Arms & Interventions

BY002 treatment

BY002 capsule (oral) * Dose escalation: 100 mg BID → 150 mg BID → 200 mg BID (3+3 design) * Treatment cycle: 28 days, repeated until disease progression, unacceptable toxicity, HSCT, withdrawal, or death

Intervention: BY002

Outcomes

Primary Outcomes

Incidence of dose-limiting toxicities (DLT)

Time Frame: From Cycle 1 Day 1 (C1D1) through the end of the DLT observation period (Day 1-28; may extend to Day 42 if toxicity evaluation is delayed).

A DLT is defined as any ≥Grade 3 non-hematologic or ≥Grade 4 hematologic toxicity considered related to BY002, occurring during the DLT evaluation period. The number and proportion of participants with DLTs will be summarized.

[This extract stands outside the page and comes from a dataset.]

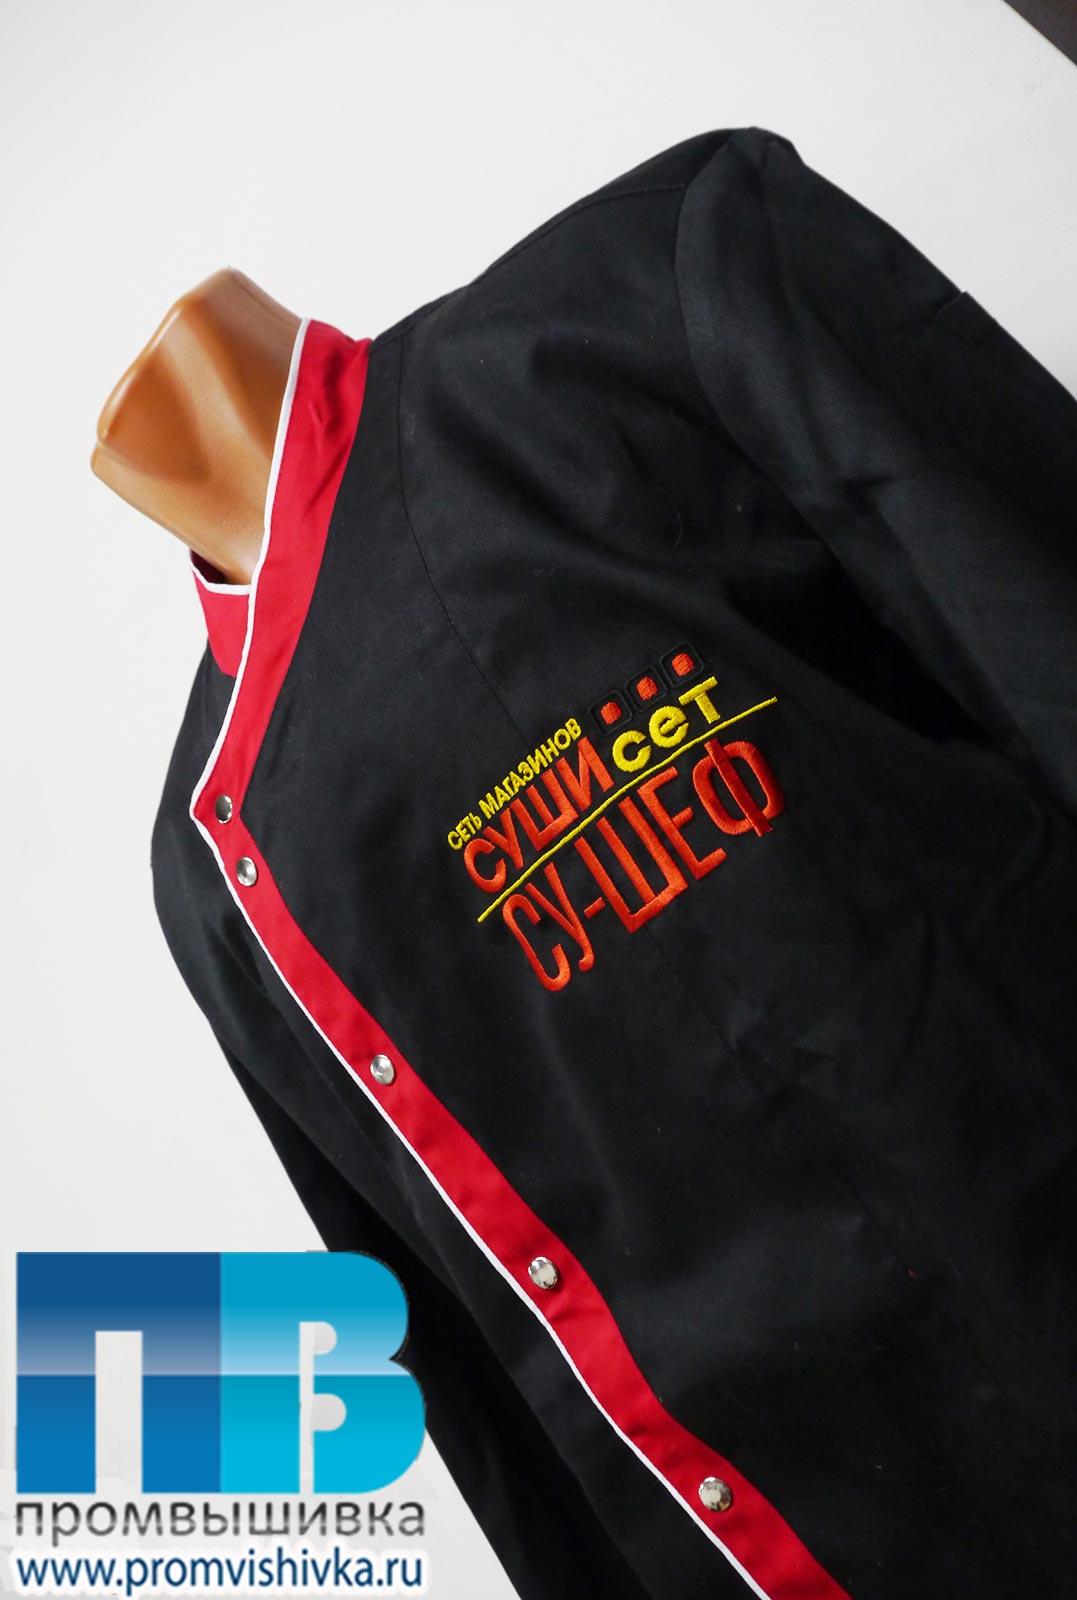 Вышивка в корпоративной одежде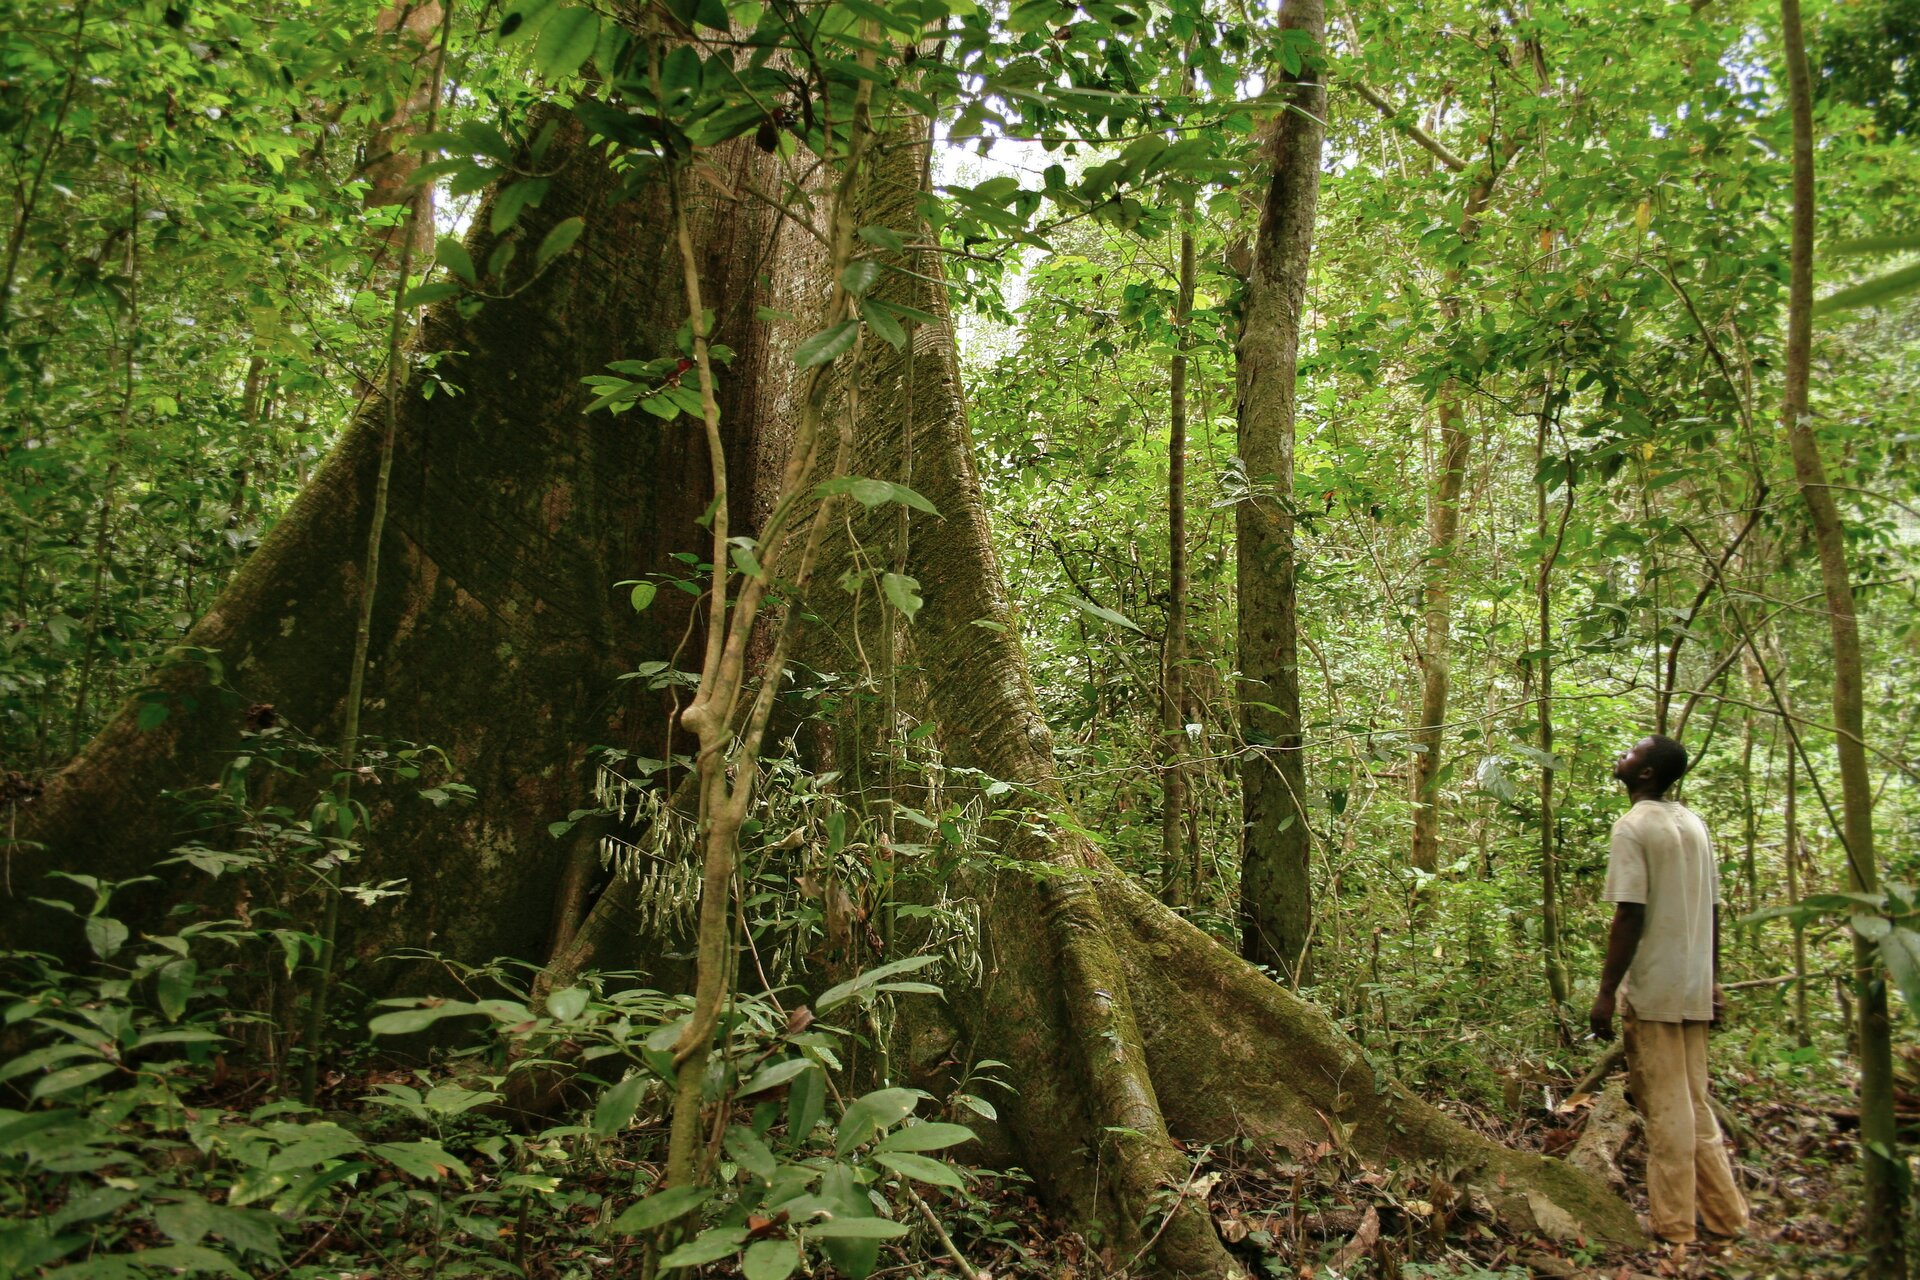 Fotografia przedstawia wnętrze lasu równikowego. Rośnie tu wiele drzew ocienkich pniach ijasnozielonych liściach. Na ziemi ipo pniach wiją się pędy bluszczu. Wcentrum szeroko rozłożona, trójkątna podstawa pnia potężnego puchowca pięciopręcikowego. Obok wielkiego pnia stoi człowiek wbrązowym stroju ikapeluszu. Kobieta jest mniejsza niż jedna ze szczelin wpniu puchowca.

Incidence of serious adverse events (SAEs)

Time Frame: From Cycle 1 Day 1 (C1D1) until 30 days after the last dose.

SAEs will be defined and classified according to ICH E2A and CTCAE v5.0. The number and proportion of participants experiencing ≥1 SAE will be summarized.

Secondary Outcomes

Incidence, type, and severity of all adverse events (AEs)(From first dose until 30 days after the last dose.)
Plasma concentrations of BY002 and its primary metabolite (M1)(Cycle 0 Day 1 (single-dose PK) and throughout treatment cycles, up to 30 days after the last dose.)
Proportion of participants achieving complete remission (CR/CRi) per ELN 2022 criteria(From first dose until disease progression, relapse, or death, assessed up to approximately 24 months.)